I try to do stuff without the kids now where I can. It's not worth the stress.

Also dp keeps wanting to take them to my parents for a visit. But I don't want them to go. I feel terrible about it but dsd once said we were forcing her to like my family. Well that's easy solved- I won't involve them in my family. No skin off my nose.

OP posts:
FeelTheNoise · 03/03/2015 11:14

I really don't think the apology was warranted, as it shows a real lack of power for you, and step parenting is all about the power struggles Hmm
All their mum needed to do was ask herself, her kids then your DP if really needed if there was actually a possibility of you knocking them out. Job done. But this turned into a muscle flexing exercise Hmm

I don't blame you for keeping your family separate and protected from this situation. Thanks

alwaystryingtobeafriend · 03/03/2015 12:59

Thanks. It's been really good hearing people that agree with me for once. I'm usually on here ranting about this n that and getting a roasting for various comments. Haha.

I do my best in a scrappy situation. Dp doesn't usually have issues with how I am around the kids although he has sensed there is an atmosphere and its all my fault but that's another rant for another day. Xx

OP posts:
MeridianB · 04/03/2015 09:00

Also dp keeps wanting to take them to my parents for a visit. But I don't want them to go. I feel terrible about it but dsd once said we were forcing her to like my family. Well that's easy solved- I won't involve them in my family. No skin off my nose.

always - really interesting - this is worthy of a whole new thread!
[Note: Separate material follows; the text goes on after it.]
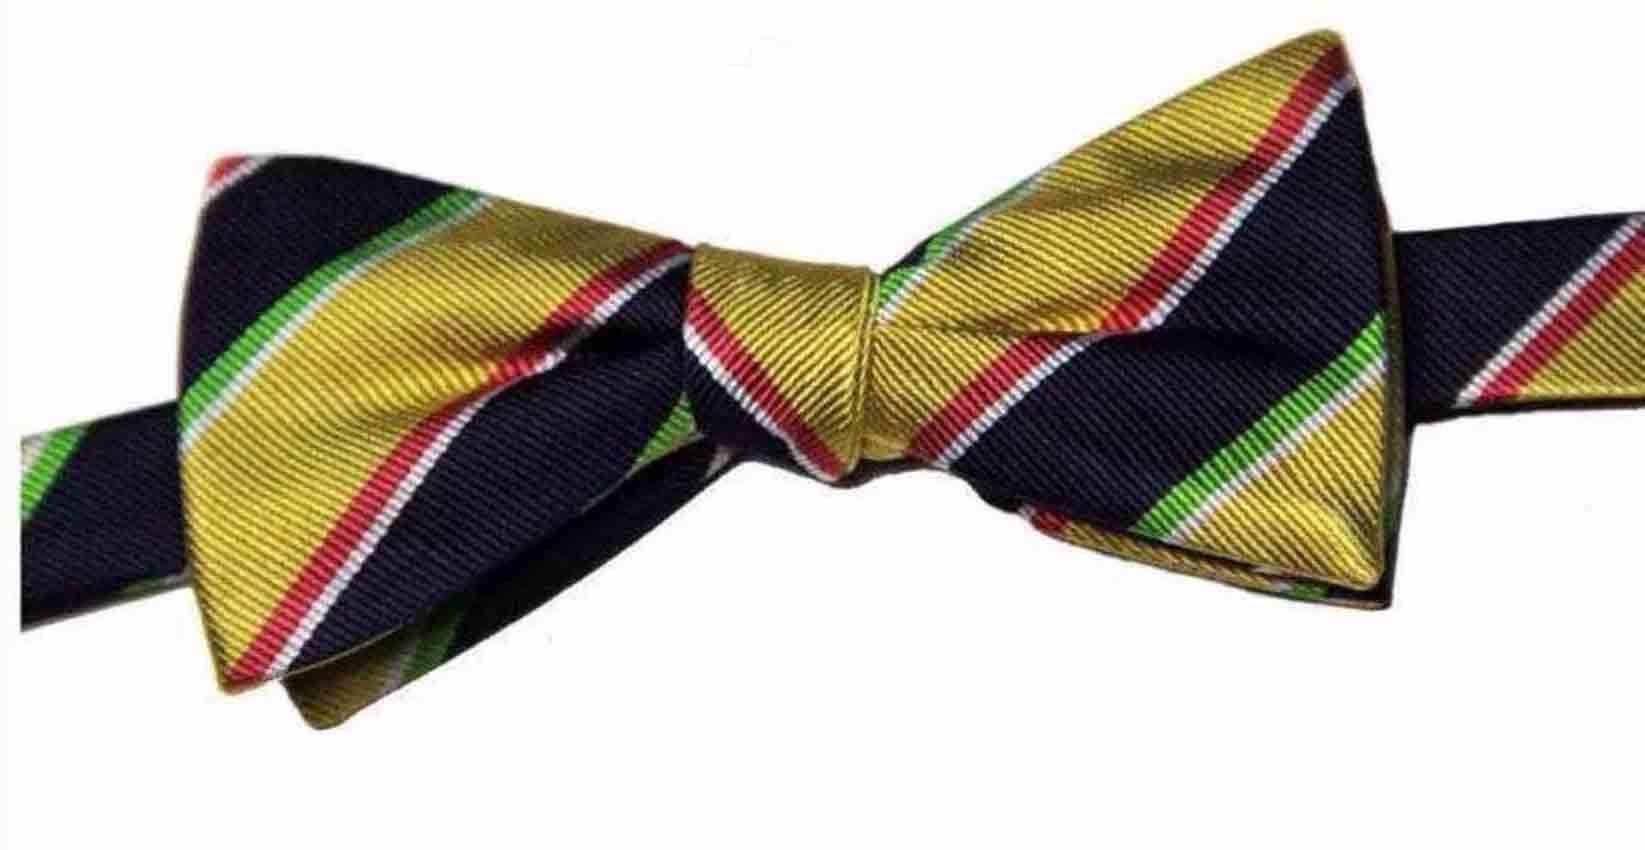 Countess Mara Regimental Stripe Bow Tie Gold Blue Red White Men's
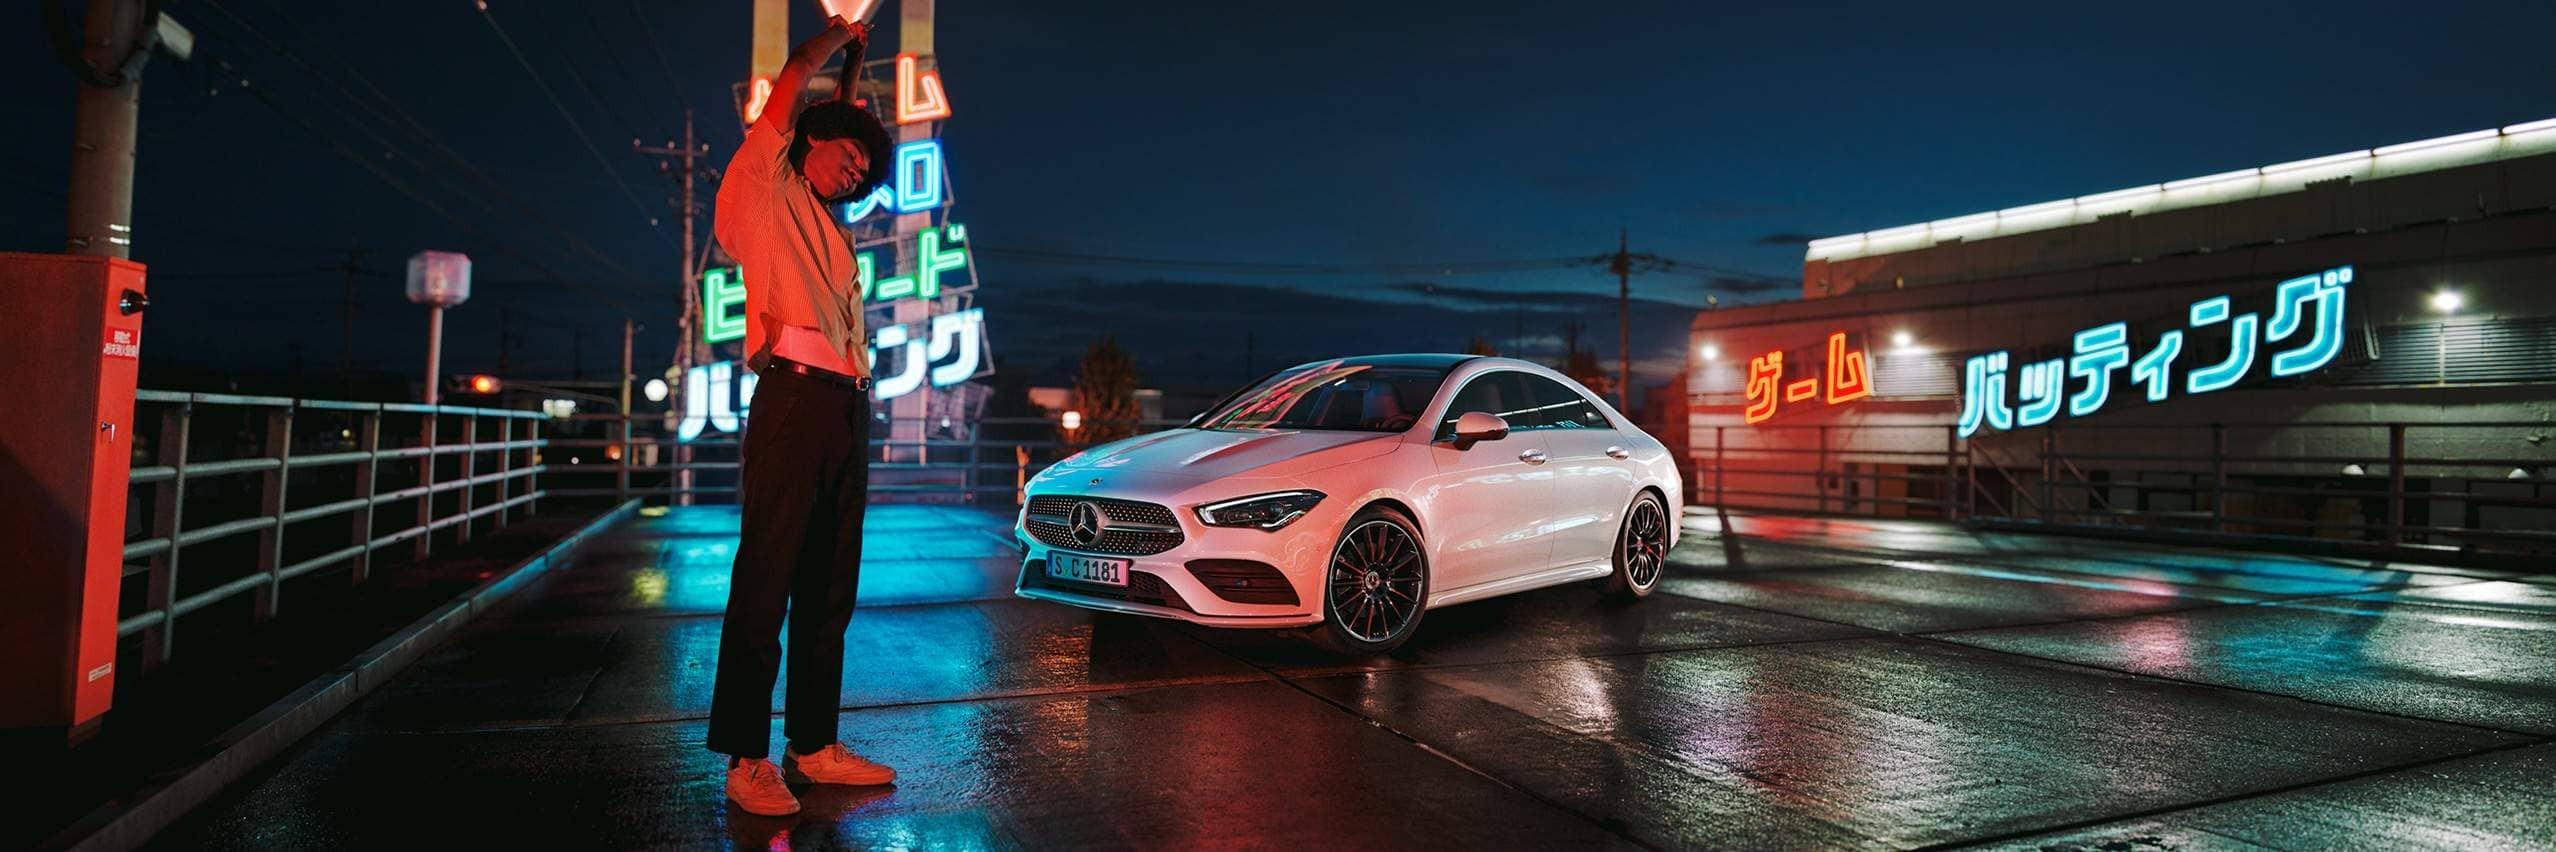 ДизайнMercedes–Benz CLA Coupe 2020

I have slightly similar issue and my family's home is such a precious place of peace and relaxation and happiness that I am very reluctant to 'impose' it on someone who is at best indifferent.

KentExpecting · 09/03/2015 14:29

You didn't do anything wrong - I've been a stepmum for 7 years and I've lost count of the number of times that jokes I made have been reported back to the mum as if they'd been serious. It's just one of those things. I've got a very dry sense of humour. XW doesn't have any. Her problem, not mine...

Having said that, this kind of thing does cause tension and it might be easier for everyone involved if your DP replied to his XW to clarify that you were joking and that she really mustn't worry. Just to defuse the situation. That might be all that's required.

If your SC were a little older, I'd also sit them down and talk to them about the fact that you're perfectly entitled to make jokes (even bad ones) in your own home / when they are around and that they need to live with it. With my SC, that took the wind right out of their sails. But I think 11 and 8 is a bit young for that? Depends on the kids.

Hang in there, OP!

Wdigin2this · 14/03/2015 15:08

Thank goodness my DSC were late teens when I met their father, things are not wonderful now as I think I'm seen as the WSM on times. If I had all these access visit problems to deal with, I'd have given up a long time ago!